LIDAR provides a 3D geometric representation of the environment, but gives relatively little data. High-resolution camera images fill in the gaps. “All the data is fused in real-time, complementing each other, and making autonomous driving in a forest a possibility,” says Hankewitz.
The cameras are also used for image recognition, and provide a visual display for the operator if they need to drive the robot manually. The plan is for the robots to be largely autonomous, which presents challenges in surroundings which are unstructured and chaotic, unlike the open roads faced by self-driving cars and other robots.
Developers are tackling this with machine learning, using simulations for conditions which may not occur frequently in real life. This means the robotic foresters should be able to tell whether they can cross a given slope, ditch or stream, for example, without getting stuck.

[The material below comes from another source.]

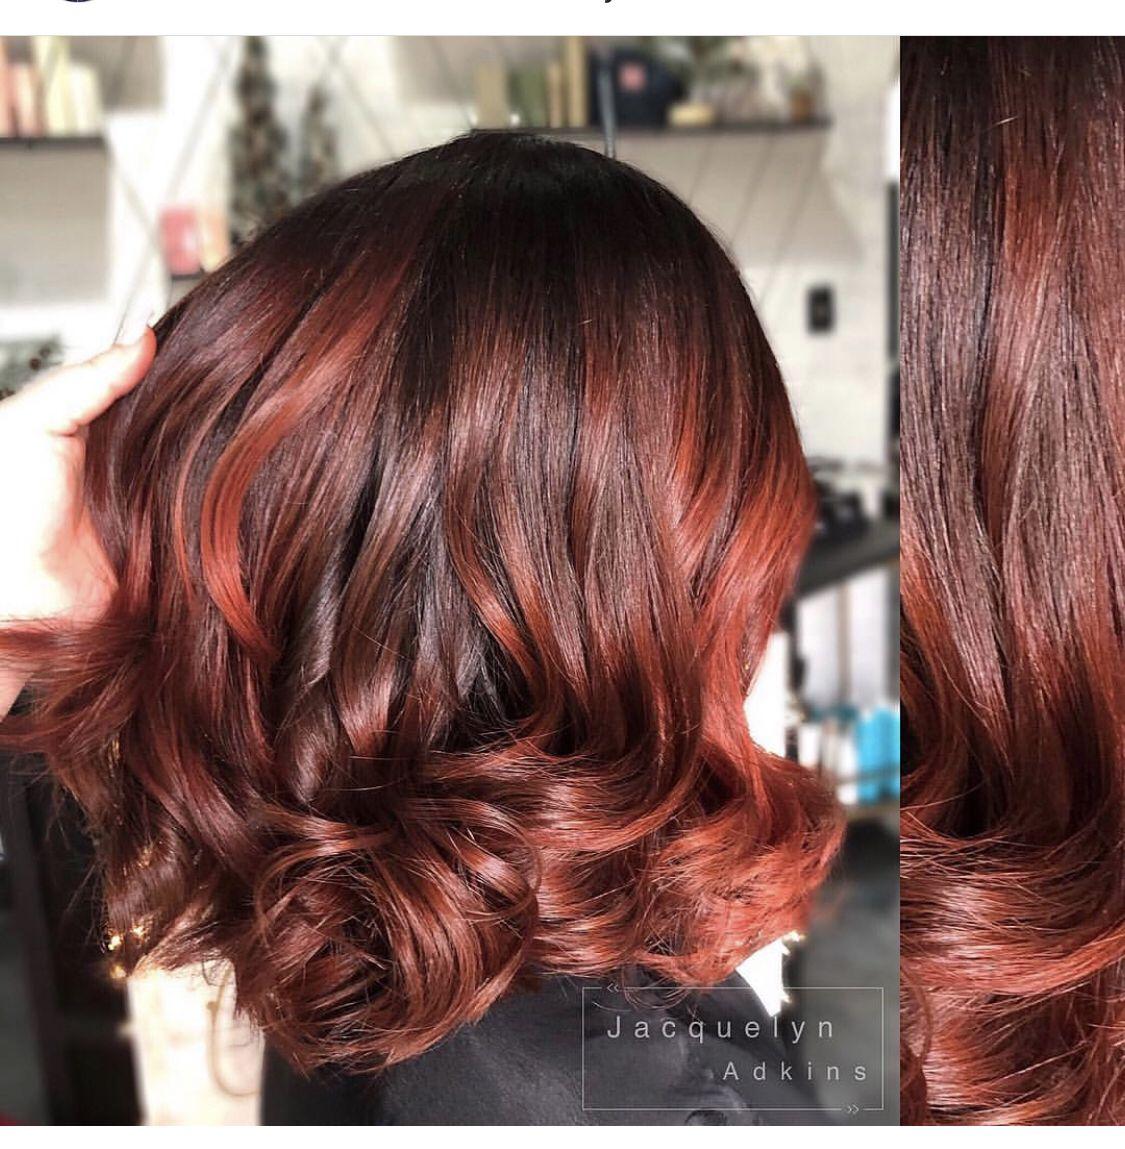 Follow Me On Instagram Unevneib Red Hair Short Red Hair Wavy Hair Curly Hair Wand Curls Hand Painted Hair Balayage Short Red Hair Dark Auburn Hair Hair Styles
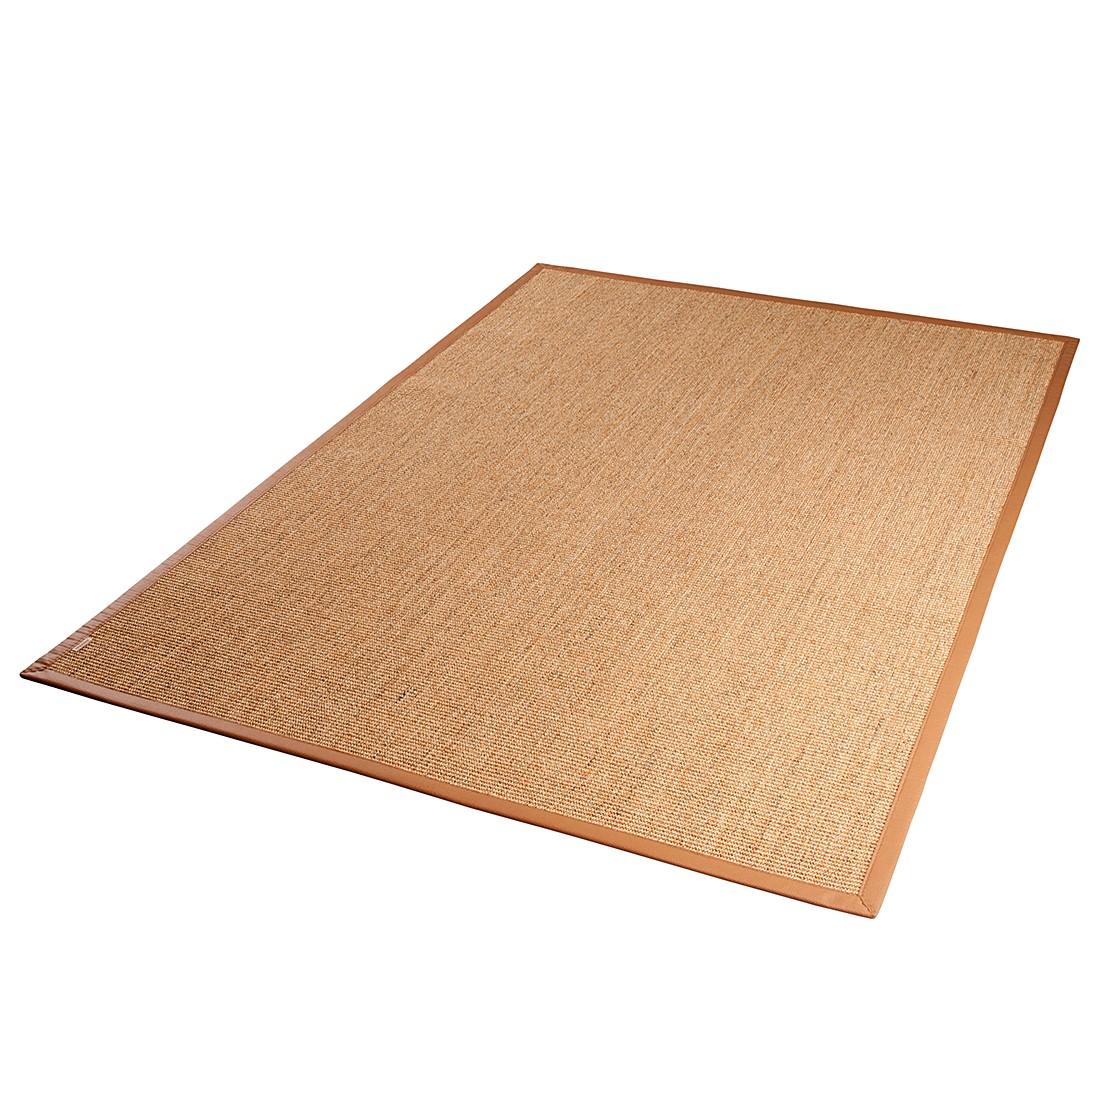 Teppich Mara A1 – Kastanienbraun – 170 x 230 cm, DEKOWE günstig

“The robotic foresters will carry out the operation almost autonomously,” says Hankewitz. “The human operator, who will supervise four or five robotic foresters, will intervene only when necessary.”
The hope is that the robot foresters will cost less than manual forest replanting or mechanised approaches with excavators.
Many countries around the world are looking to plant huge numbers of trees to help fight climate change. There are several plans to plant a trillion trees, which would add to the 3 trillion we currently have.
Andrew Davison at Imperial College London says that in a cluttered forest the cameras and LIDAR sensors should complement each other and enable the robots to identify obstacles and plot a course as they go.
“This is one of many interesting applications emerging which show that mobile robotics technology is maturing fast and enabling robots to tackle new types of task in difficult environments,” says Davison.
Development of both robots is scheduled to be completed this year.